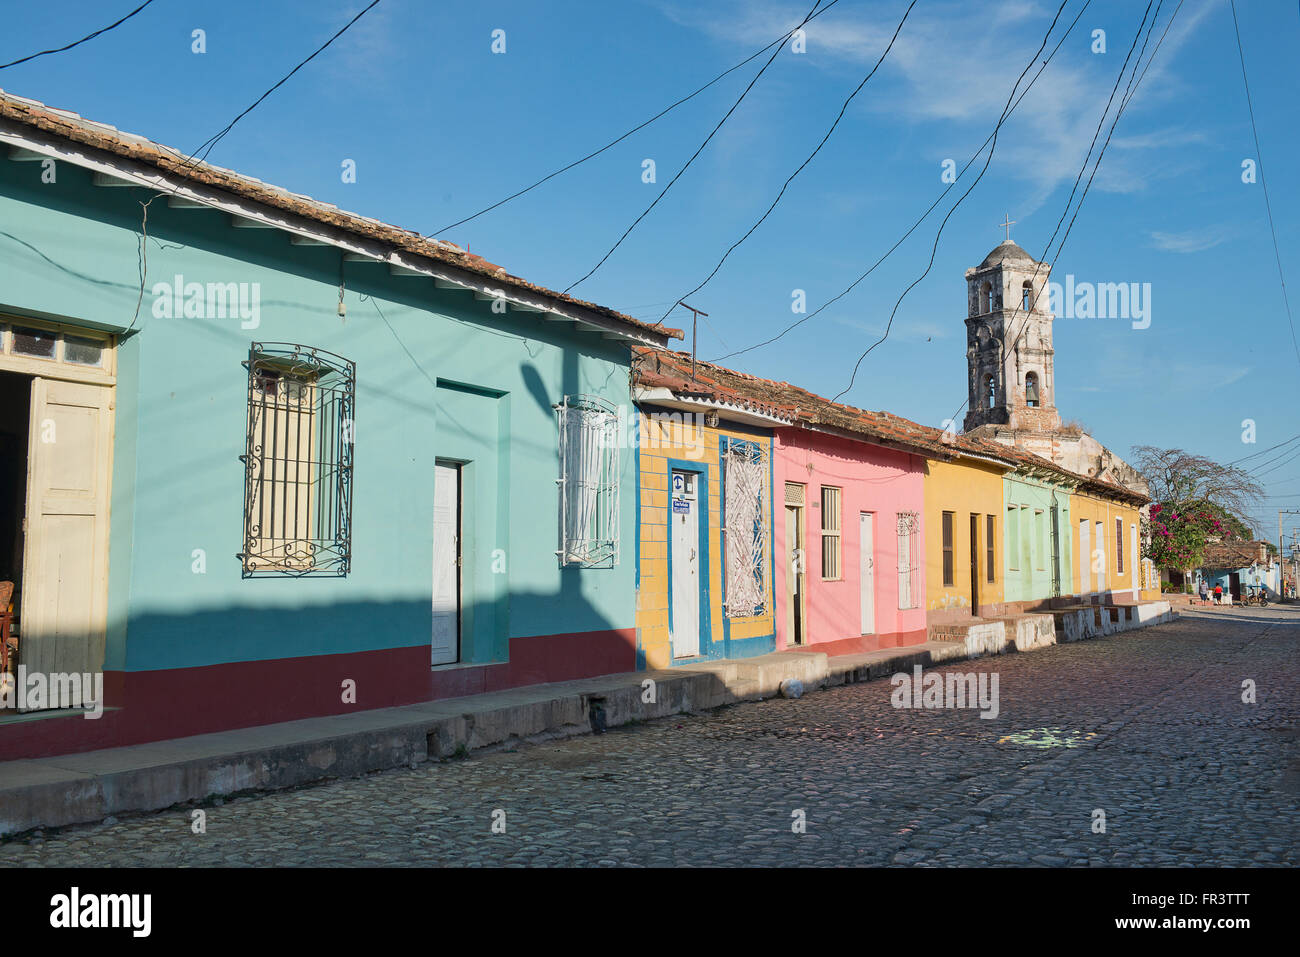 Electricity cables connect colorful houses on a street in the old colonial town of Trinidad, Cuba. Stock Photo
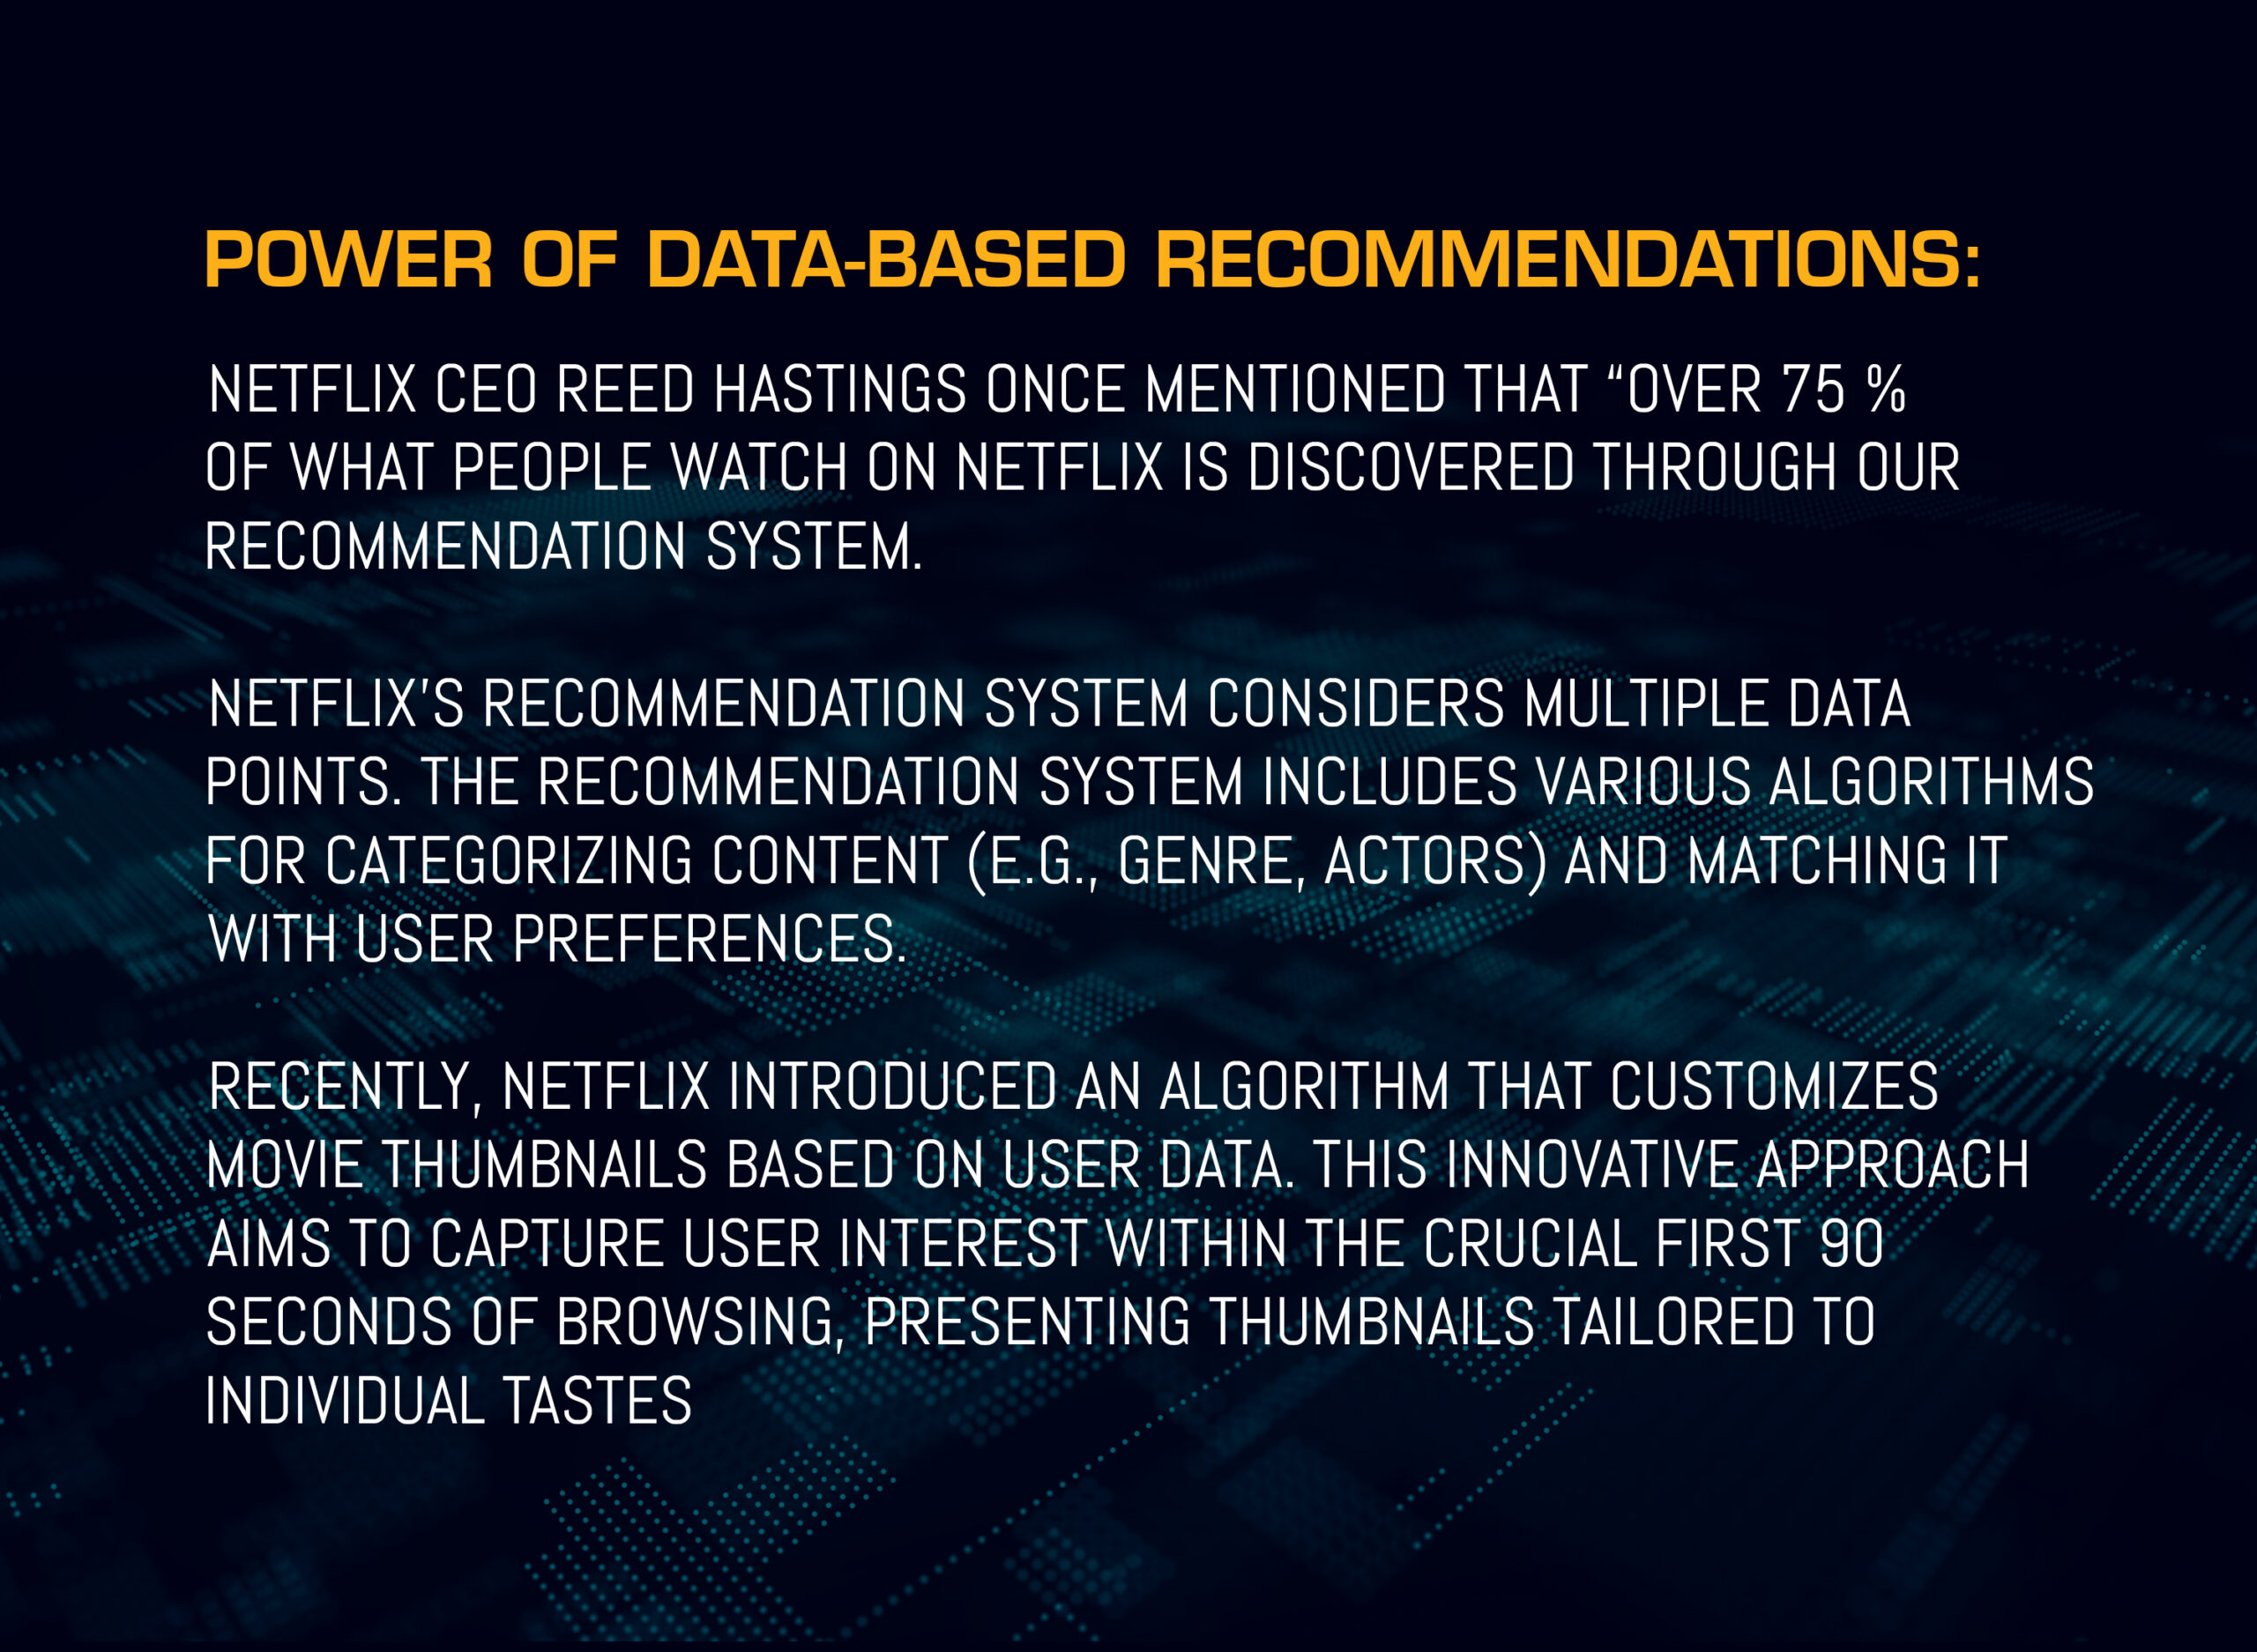 In 2016, Netflix CEO Reed Hastings mentioned that “Over 75% of what people watch on Netflix is discovered through our recommendation system.” Netflix's recommendation system considers multiple data points. The recommendation system includes various algorithms for categorizing content (e.g., genre, actors) and matching it with user preferences. Recently, Netflix introduced an algorithm that customizes movie thumbnails based on user data. This innovative approach aims to capture user interest within the crucial first 90 seconds of browsing, presenting thumbnails tailored to individual tastes
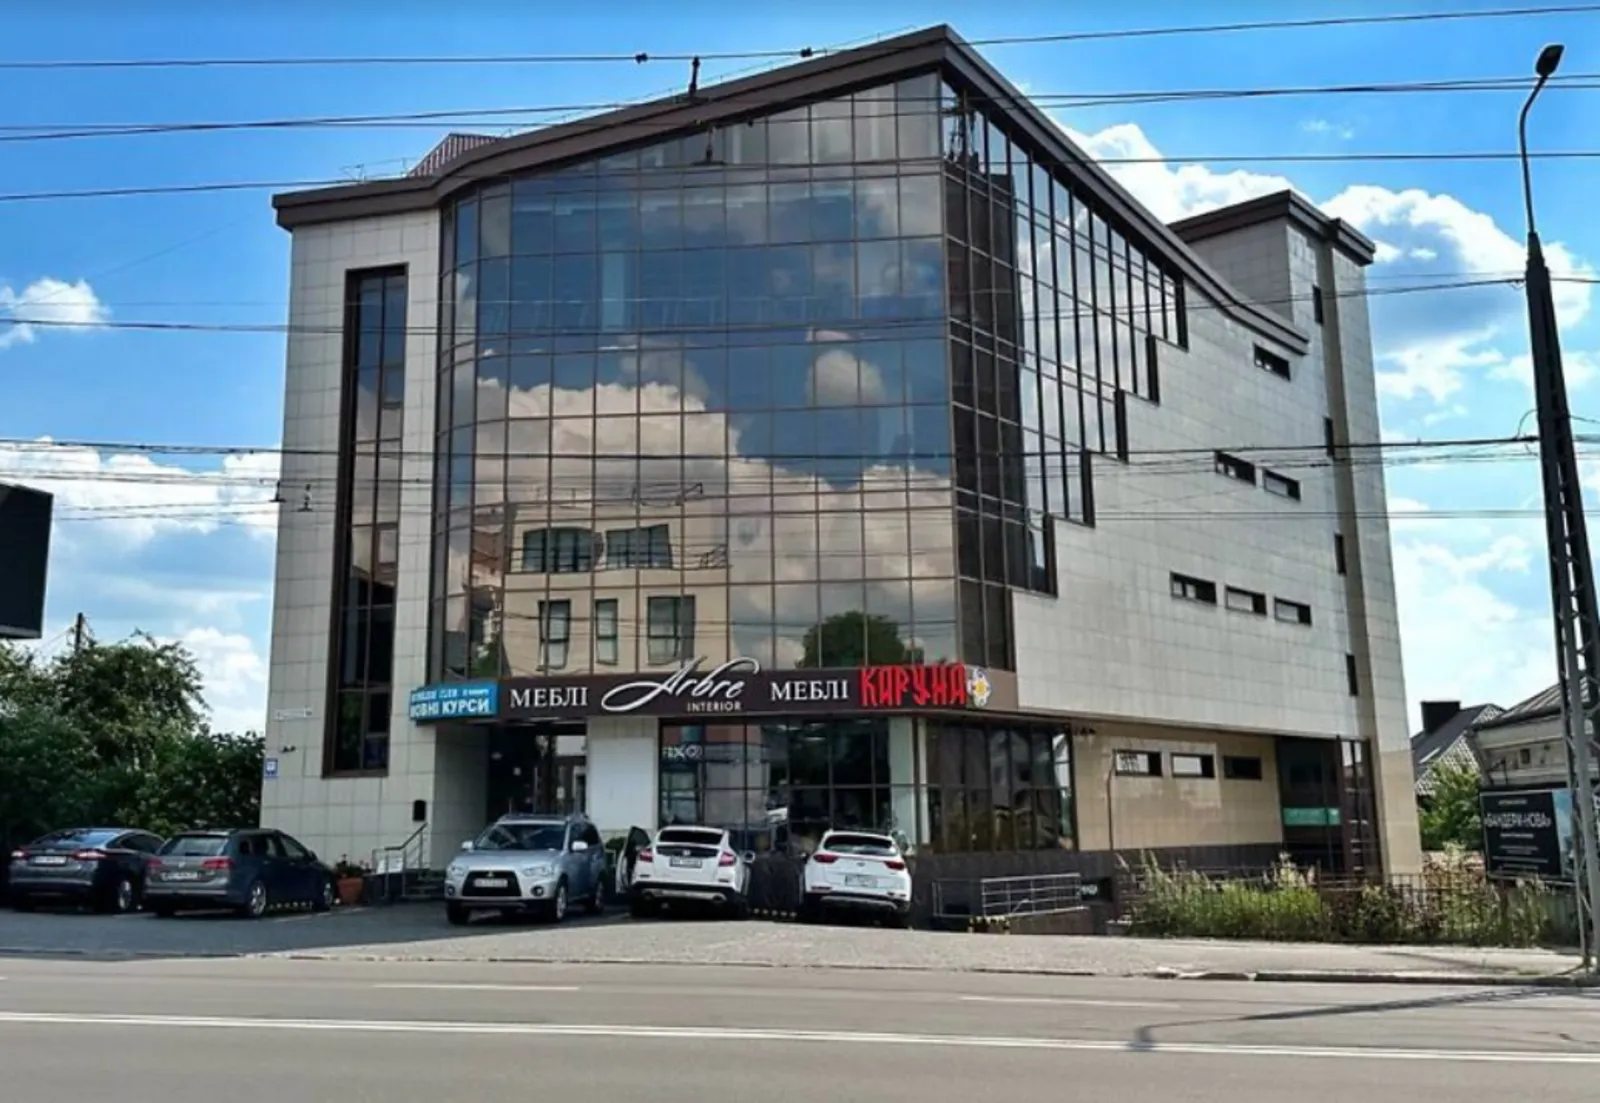 Real estate for sale for commercial purposes. 312 m², 1st floor/5 floors. Vostochnyy, Ternopil.

### Exercise prompt
Return all of the material precisely as written. No picture belongs in it.

### Answer for this exercise
 Electricity cables connect colorful houses on a street in the old colonial town of Trinidad, Cuba. Stock Photo
 In 2016, Netflix CEO Reed Hastings mentioned that “Over 75% of what people watch on Netflix is discovered through our recommendation system.” Netflix's recommendation system considers multiple data points. The recommendation system includes various algorithms for categorizing content (e.g., genre, actors) and matching it with user preferences. Recently, Netflix introduced an algorithm that customizes movie thumbnails based on user data. This innovative approach aims to capture user interest within the crucial first 90 seconds of browsing, presenting thumbnails tailored to individual tastes
 Real estate for sale for commercial purposes. 312 m², 1st floor/5 floors. Vostochnyy, Ternopil.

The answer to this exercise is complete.